Чаще всего приходили к Лиле читать свои стихи, говорить о литературе, внимать ее советам совсем молодые Борис Слуцкий, Михаил Львовский, Павел Коган, Михаил Кульчицкий. Рядом с ними она сама молодела и забывала о крахе надежд, порожденных «романтикой революции».

Еще один молодой поэт, пришедший в 1940 году к Брикам и Катаняну, напомнил Лиле поэтического бунтаря и новатора Велемира Хлебникова и вызвал у нее особый энтузиазм.

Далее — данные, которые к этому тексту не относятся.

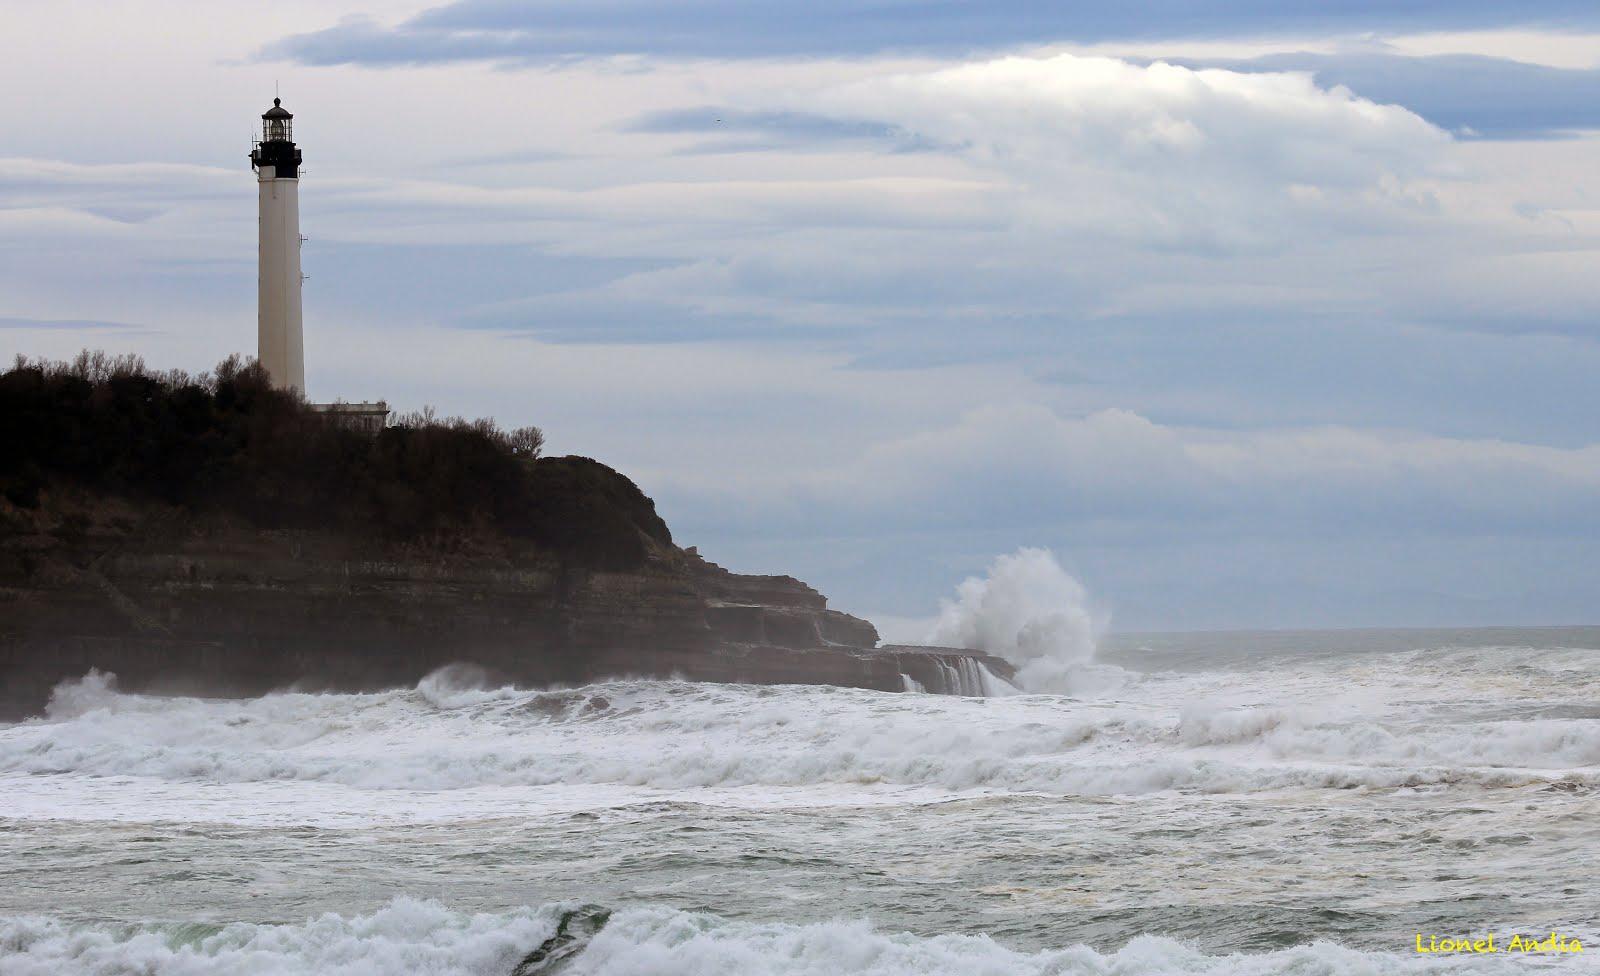 Pays basque aujourd 39 hui le phare de biarritz - Phare de biarritz ...
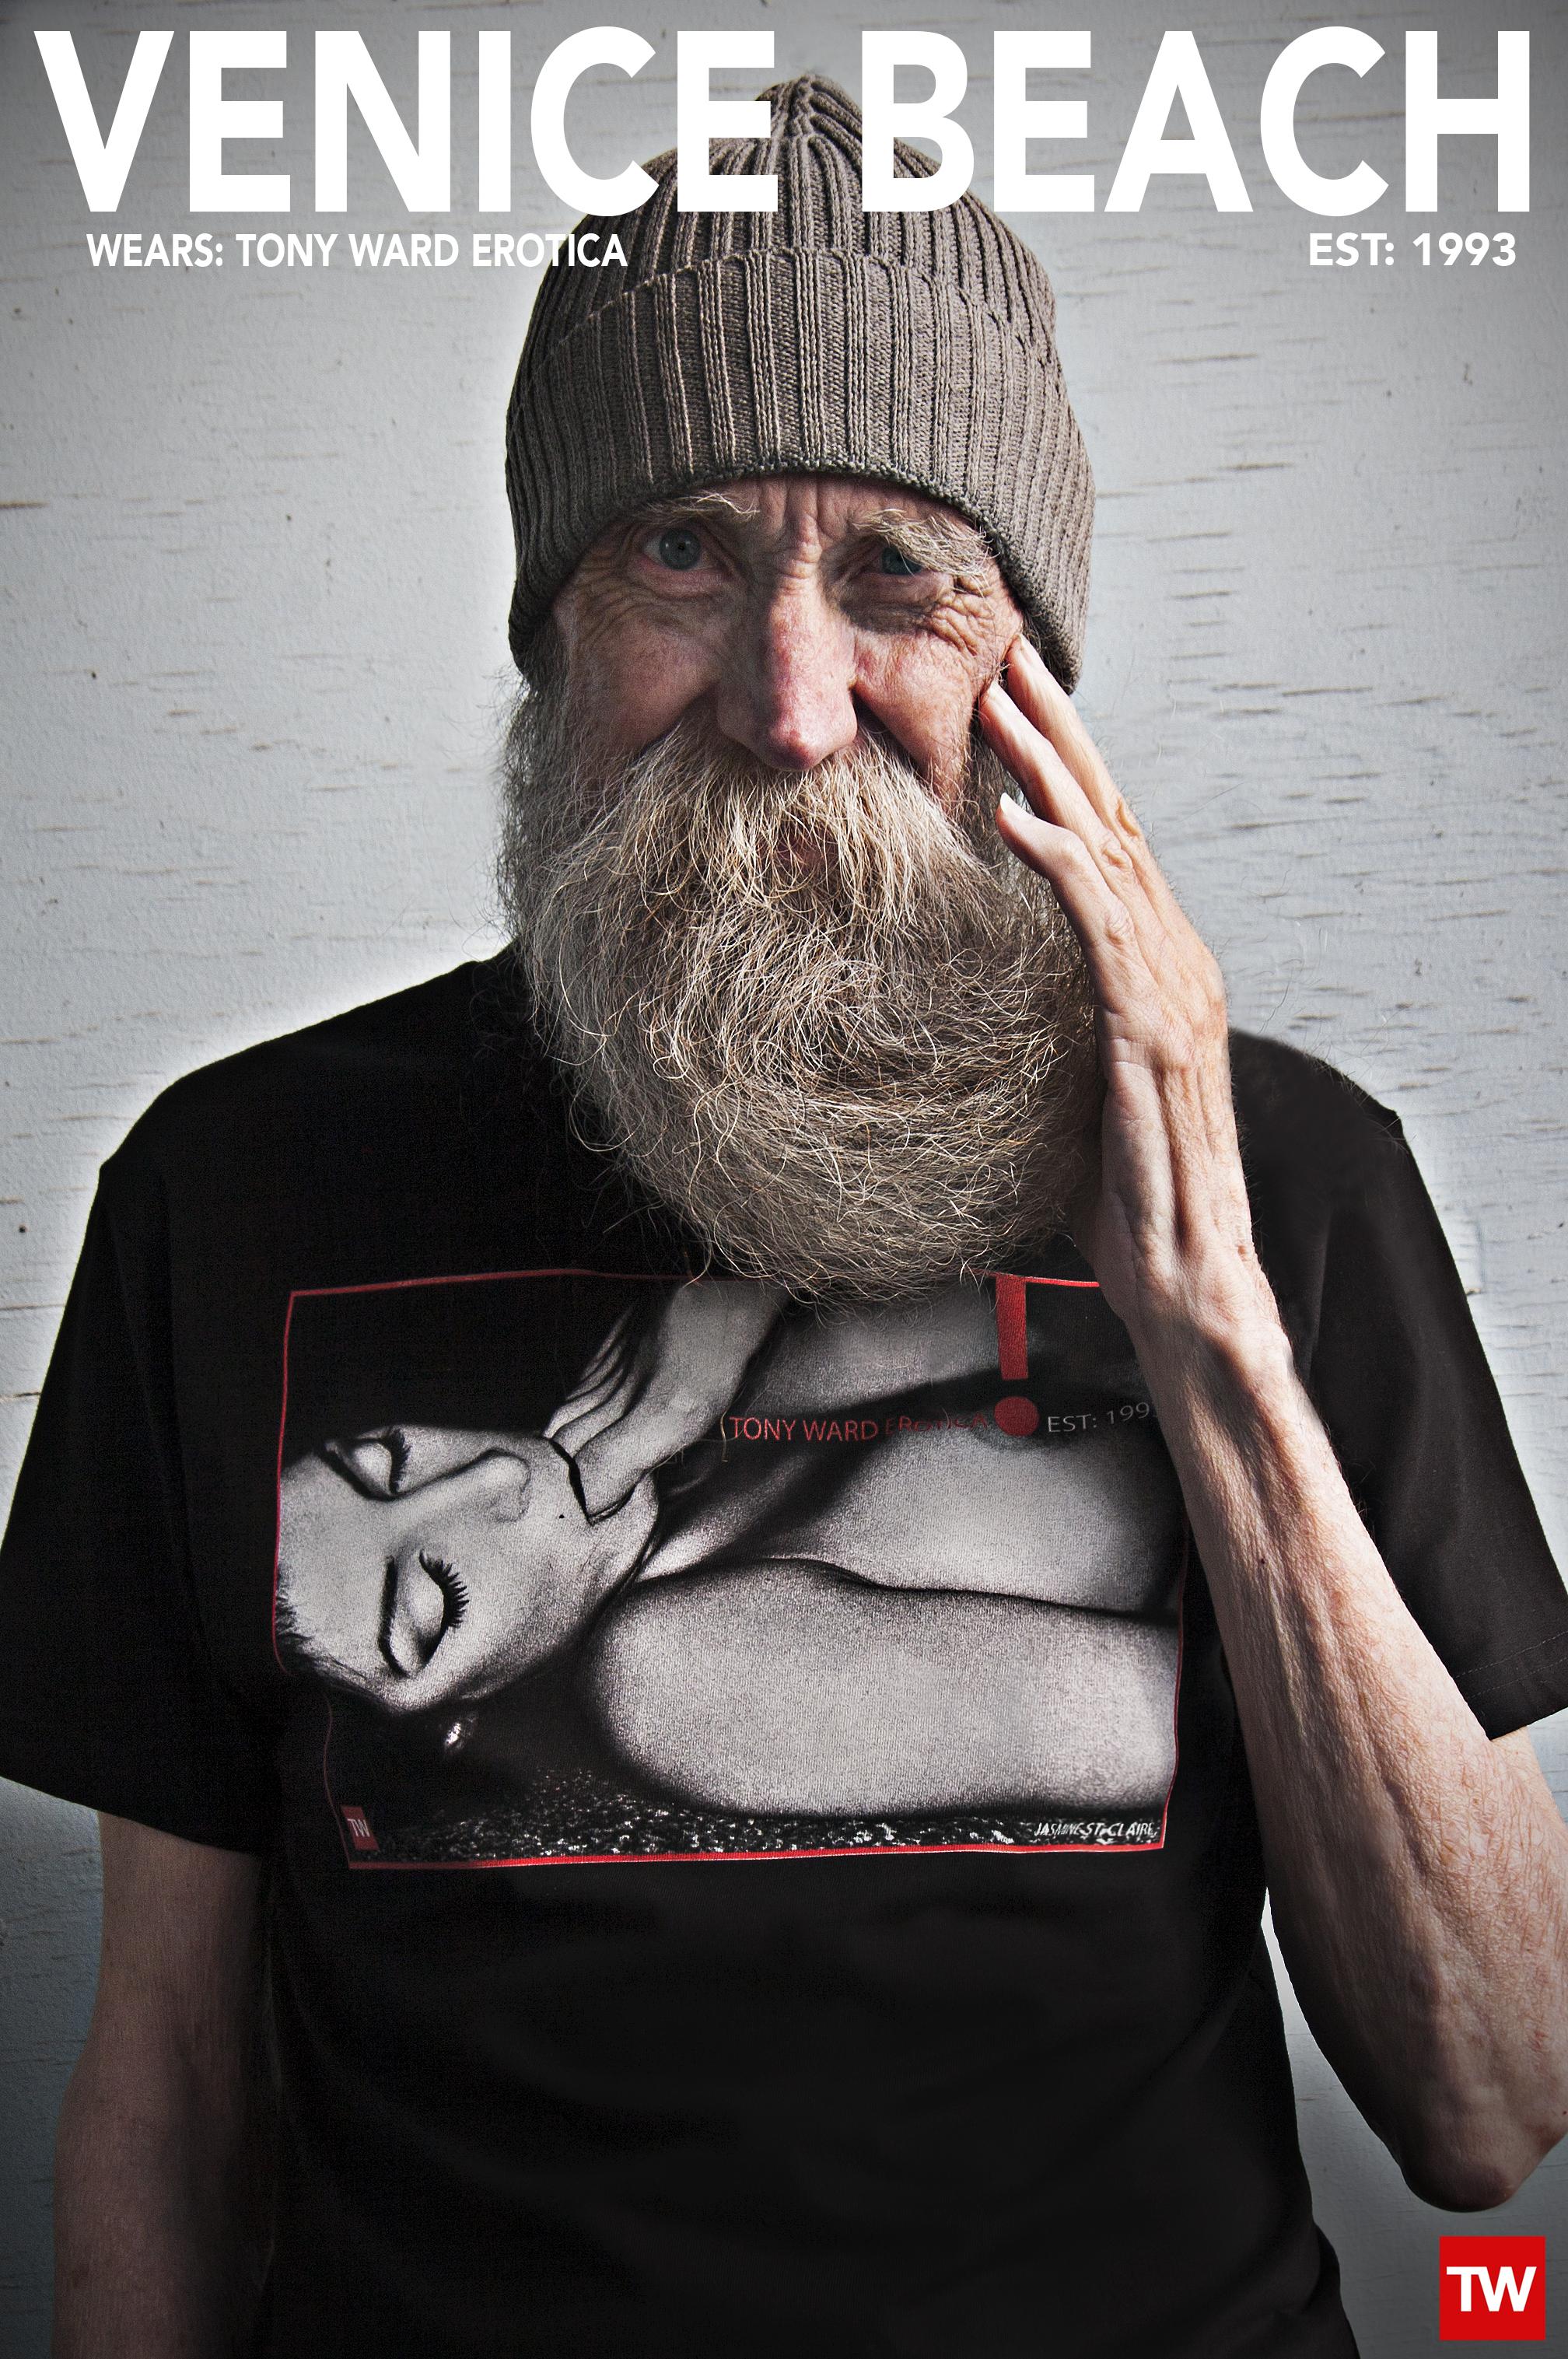 Tony_Ward_erotica_t-shirts_venice_beach_california_bearded_men_portraiture_portrait

Это был Николай Глазков, чей талант Лиля разгадала моментально. Ей особенно нравилось, что, с величайшим пиететом внимая ее советам и замечаниям, Глазков не только не следовал им безоговорочно, но отстаивал то, что считал правильным, и писал так, как хотел, а не как ему рекомендовали. В этой независимости ей виделась та сила таланта, которая, вопреки всем влияниям, стремится к полной свободе самовыражения. Чем больше тяготел тот или иной поэт к политической риторике, к газетному примитиву, к сервильности и конформизму, тем меньше его тянуло к Лиле или, точнее, тем больше отталкивало от нее. И напротив, чем самобытнее, искреннее, тоньше он был, тем сильнее его влекло туда, в Спасопесковский, где все дышало поэзией, где поэзию понимали и чтили.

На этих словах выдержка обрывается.